Sep 01 2011
Goals of Reasoning for the Semantic Web in Practice
I recently summarised the different means of reasoning on the Semantic Web in a discussion on the Apache Stanbol mailinglist. I thought I might also share my views publicly in my blog 
I think that large parts of the Semantic Web community lost track of the actual (practical) goals of reasoning. Please think of actual, practical use cases. The actual kind of reasoning employed is then derived from this goal – not the other way round. In the following, I summarise the three different possible approaches to reasoning:
schema validation
This is the typical reasoning applied in the Semantic Web domain. I always found its usefulness very limited and therefore this is only mildly interesting to me. How often will you really need to check whether a model is consistent? Usually only during development, if at all. Even worse: when operating on the World Wide Web you will *inevitably* have inconsistencies, so it is better to simply live with them and not care too much about consistent schemas, it will only drive you crazy (see below).
For schema validation, you will probably use some of the existing OWL and description logics reasoners like Hermit, FaCT, Racer, … but be aware that they are all rather complex and inefficient when dealing with bigger datasets, as you identified as a problem yourself.
instance classification
Instance classification means, informmaly, to figure out the type of a resource based on the existance of a schema or ontology for the data. Now this is at least *a bit* more interesting than schema validation, because it provides you with actual new information that you can make use of. It allows you to treat a Blog Post as a Document, a Meeting as a Location, etc. On the other hand, every programmer can implement you this kind of reasoning in a couple of hours in Java without any need of a reasoner.
For instance classification you can in the most simple case use an RDFS reasoner (very efficient). OWL reasoners are obviously also capable of this, but usually in practice not much better than RDFS reasoners so it is not worth the added complexity. Instance classification can furthermore be considered a specific case of implicit/rule-based knowledge.

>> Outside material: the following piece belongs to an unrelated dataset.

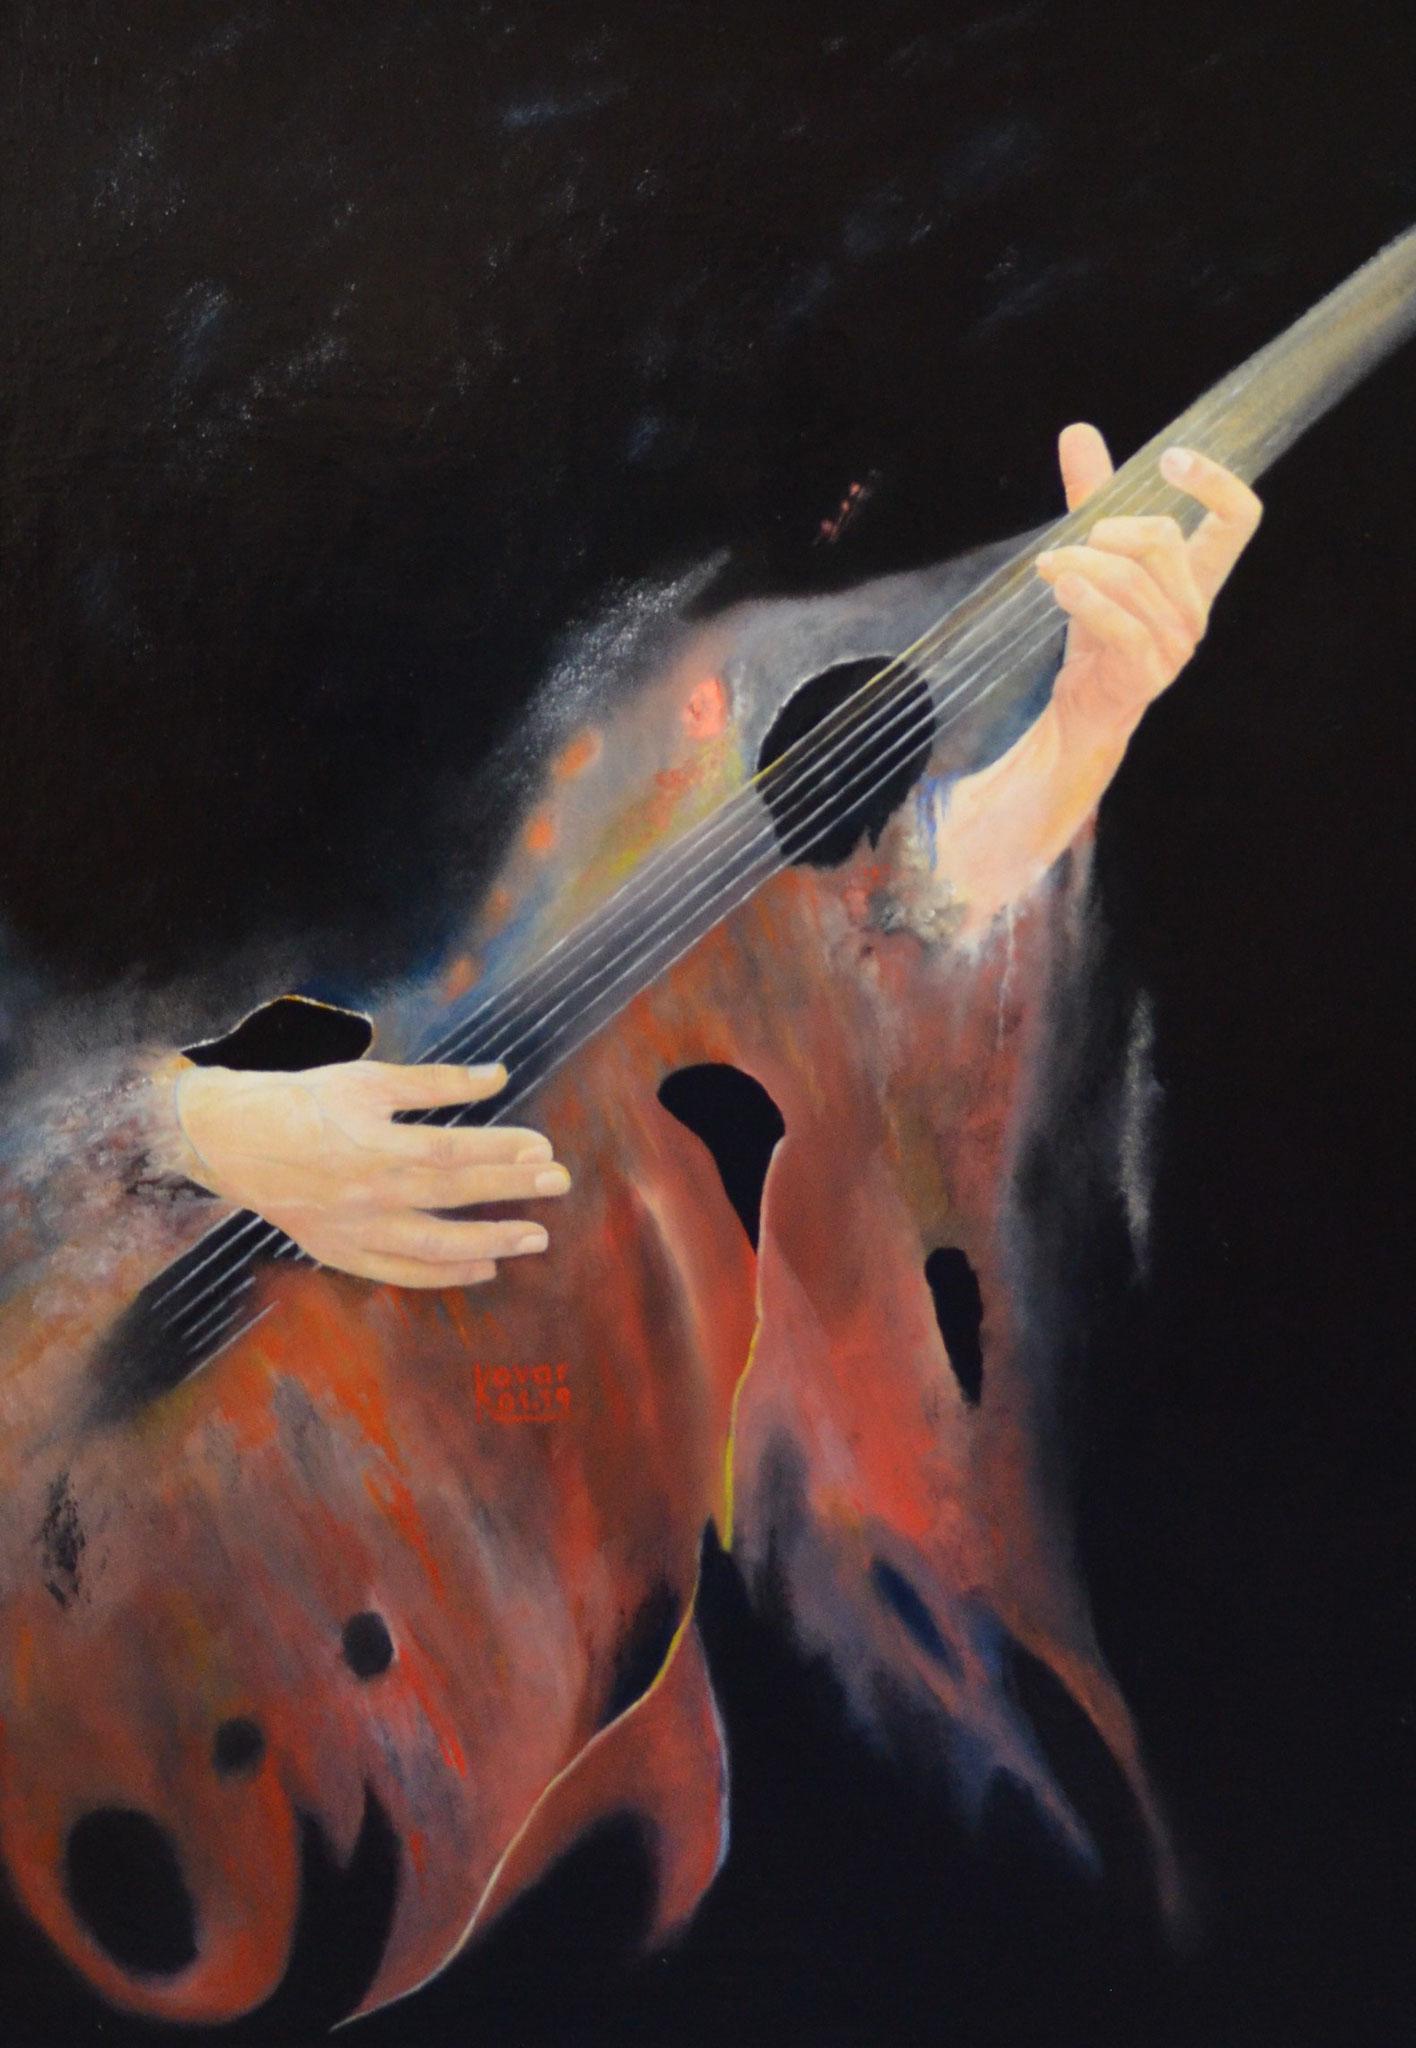 Gitarrist / Guitarist, Öl auf Leinwand 50 x 70cm, 2019. Oil on canvas.

implicit/rule-based knowledge
In this case, you extend your factual, static knowledge base (i.e. triples) by rules that represent implicit knowledge (e.g. “if a meeting M is located in a place P and P has coordinates X and Y, then M also has coordinates X and Y). This kind of reasoning is the classical way of representing knowledge in knowledge based systems and adds, in my opinion, real additional value to the information, because much human knowledge is actually rule-based. I consider this kind of reasoning the most interesting in an information system. Rule-based reasoners can cover instance classification as a special case and with a few extensions even most parts of consistency checking.
Rule-based reasoning is currently still a bit esoteric in the Semantic Web domain (Jena only uses it for implementing RDFS/OWL reasoning), as the reasoning topic has been “hijacked” by the Description Logics people. I often criticised this because of its impracticality, but noone would really listen There is the RuleML initiative which resulted in the specification of SWRL, but SWRL is seen as an extension of DL reasoning and thus suffers from the inefficiency of these reasoners. Outside the Semantic Web, the most successful rule-based reasoning system is probably Prolog and Datalog, both highly efficient systems but unfortunately not really present in the Java and RDF world.

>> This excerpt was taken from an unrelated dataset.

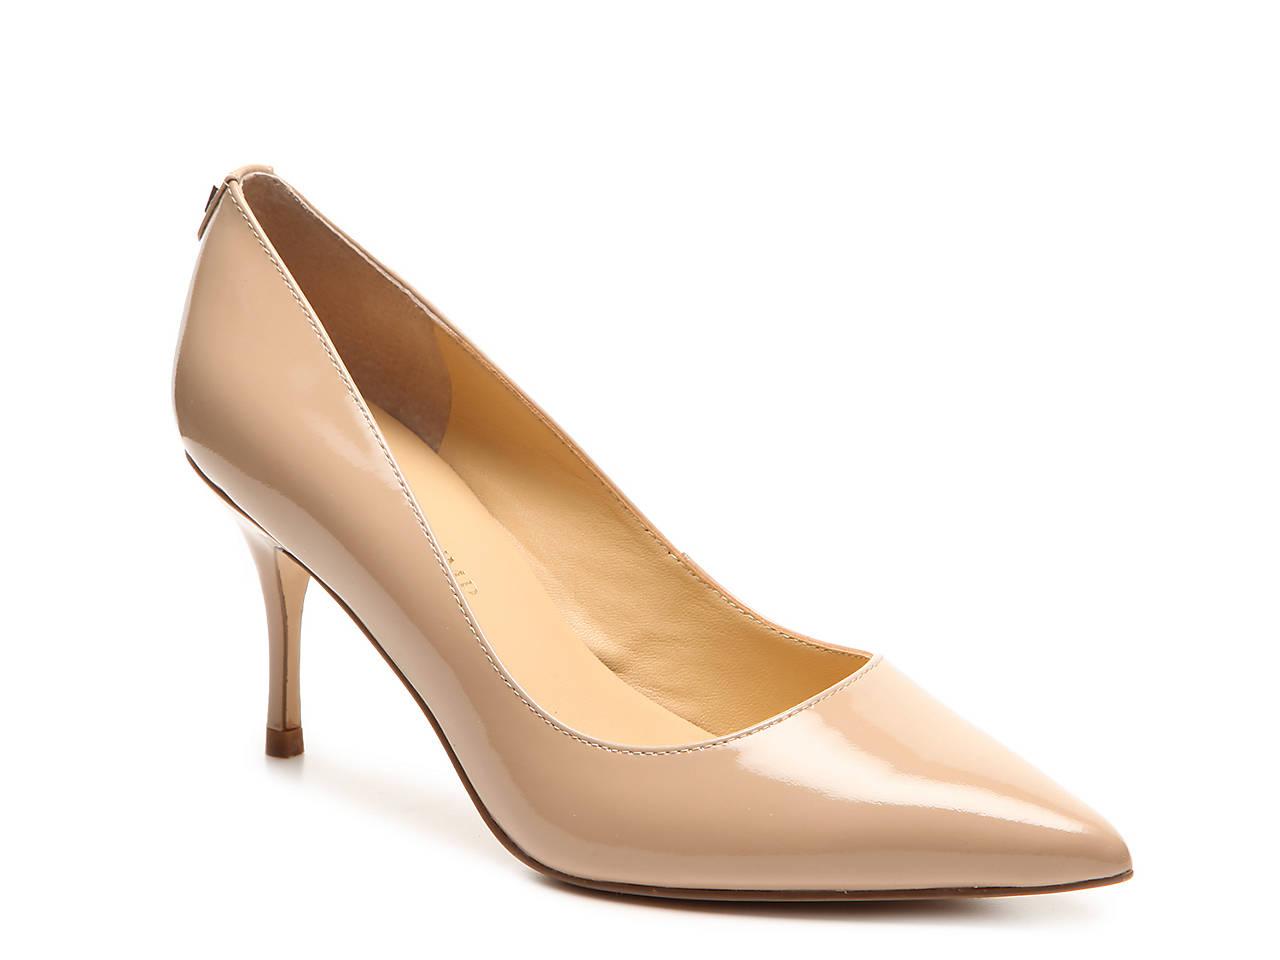 7aef4aee5fd8 Ivanka Trump Boni Pump Women s Shoes

Inside the “Linked Media Framework”, which we intend to integrate with Apache Stanbol, I have implemented a Datalog-style rule-based reasoner over RDF triples that can be evaluated very efficiently (see the link I sent above for the specification). Even though this reasoner has a quite restricted expressivity, it is still sufficient to cover many useful scenarios.
On the usefulness of consistency checking for the Semantic Web
1. Why do logics people care about consistency?

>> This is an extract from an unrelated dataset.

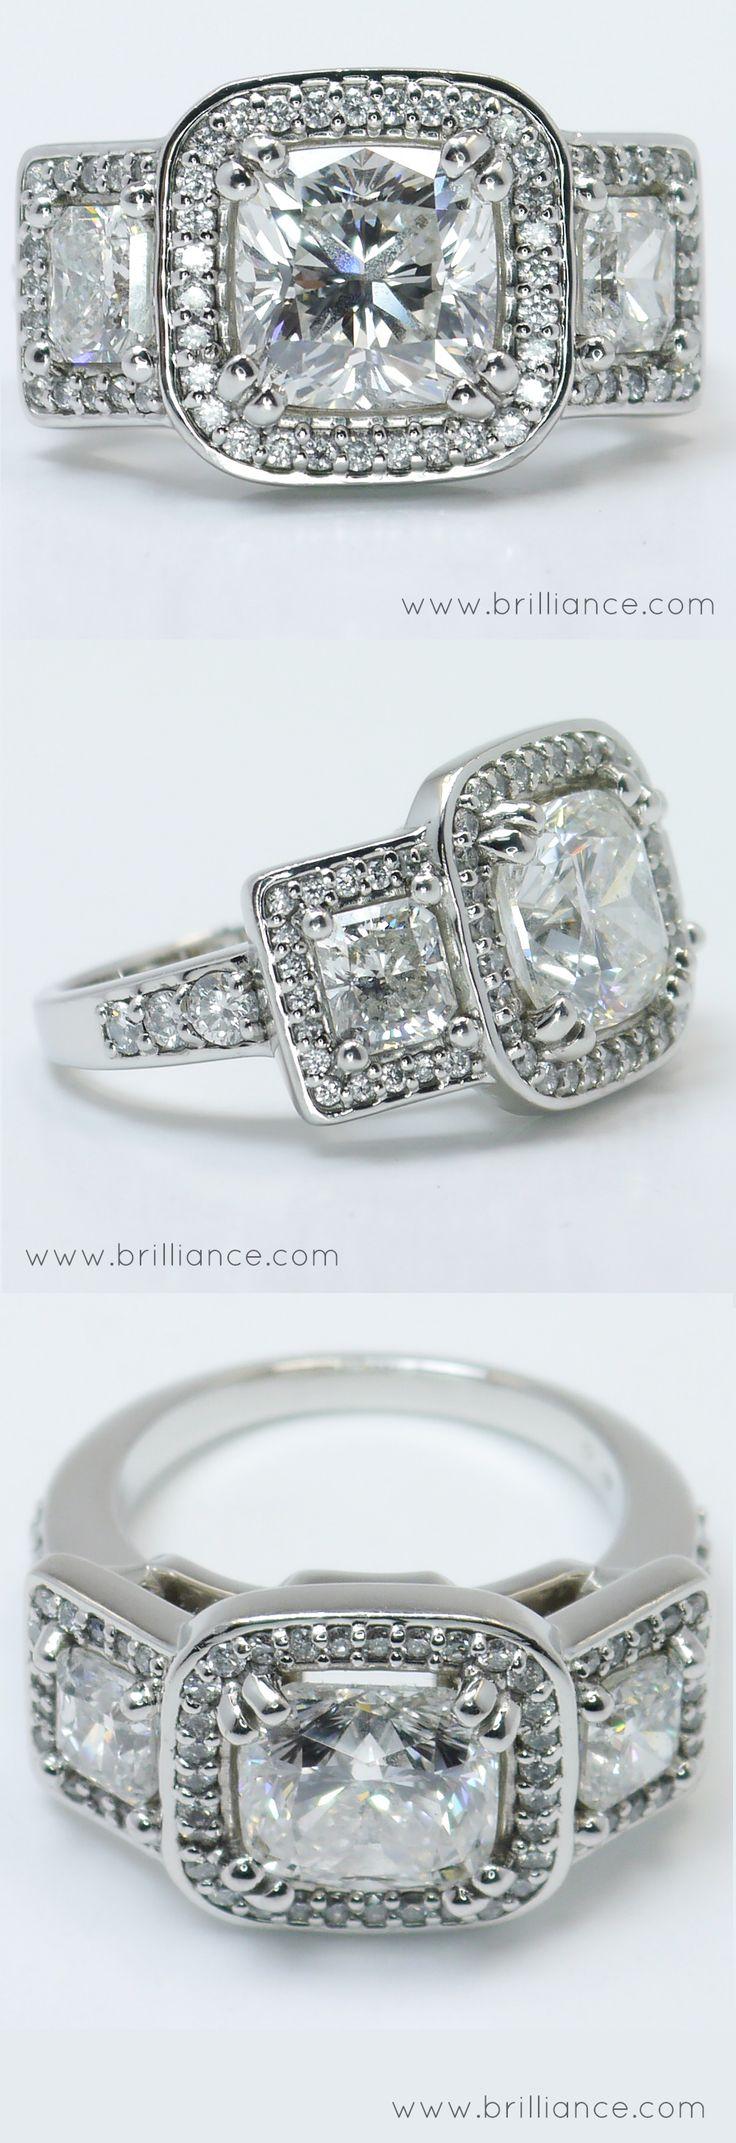 Brilliance's Custom Halo Ring With Cushion Cut Center Stone The  Cushion Diamonds Offer

The whole topic of consistency checking is rooted in classical logics. It is founded in the “ex falsum quodlibet” rule of first order predicate logic, which basically says “if you have an inconsistency in your model, you can derive everything”. Maybe you still know the rule from your logics lectures
“false => A” is equivalent to “not false or A” is equivalent to “true”, regardless of A.
For example, in a strictly classical model sense, if you have a knowledge base saying “the car is red” and “the car is green” and “green is not red”, then you could derive that “the moon is made of green cheese and inhabited by small fur balls constantly discussing about how to best cook spaghetti”. Which is of course completey stupid, but completely valid in classical logic.
In a model in classical logics, this is a severe problem, because it means that you cannot derive anything useful at all even if you have just a small inconsistency.
2. Why is inconsistency irrelevant in many cases?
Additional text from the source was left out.